Topics: property takings, municipal land use, street improvement projects, property owners' rights

Summary

Background

A group of people who owned land in the City of Cincinnati sued to stop the city from taking more land than needed for a street-widening project. The city had validly taken a 25-foot strip for widening Fifth Street, but also passed resolutions seeking to appropriate additional private lots nearby. The owners argued the extra takings were not shown to be for a public use and that Ohio law requires the city to state the specific purpose of any appropriation. Lower courts entered permanent injunctions in favor of the owners, and those rulings reached this Court.

Reasoning

The central question was whether the city could lawfully take land in “excess” of what the street project required without defining a definite purpose.
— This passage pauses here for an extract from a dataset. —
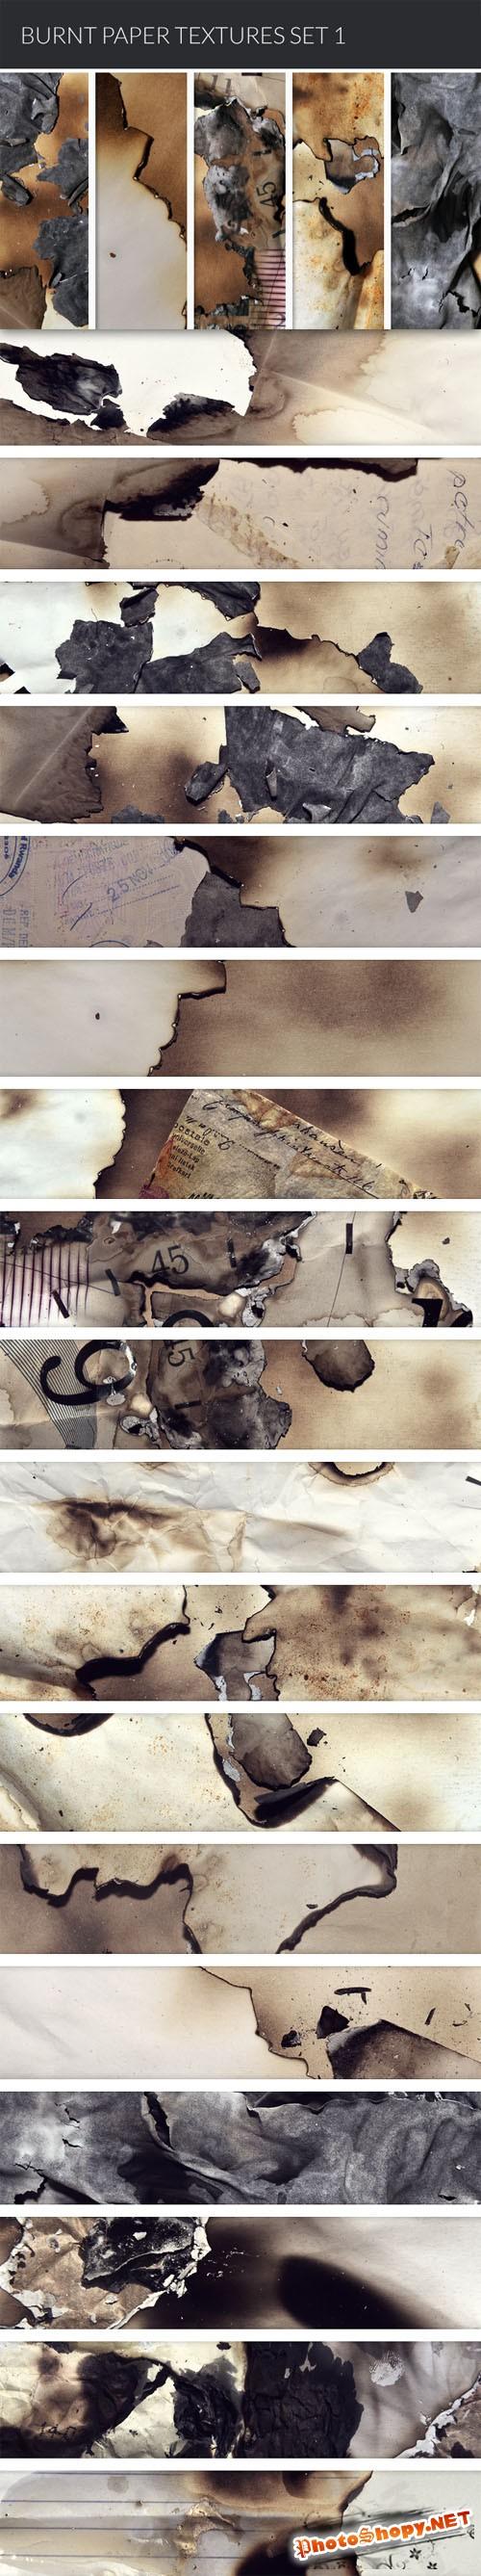 Designtnt - Burnt Paper Textures

The Court said Ohio law and the city’s own rules require the council to define the purpose of any appropriation. The city’s broad statements that the takings were “in furtherance” of the street widening were not a sufficient definition. The Court refused to accept hypothetical future uses or to guess at unspecified plans. Because the required statement of purpose was missing, the takings did not comply with state law, and the Court affirmed the injunctions. The Court did not decide the separate constitutional question about public use under the Fourteenth Amendment.

Real world impact

Cities must state a specific, limited purpose before taking extra private property for projects. Property owners gain protection against vague or speculative municipal takings, and municipal projects cannot be used as a cover for undefined land seizures.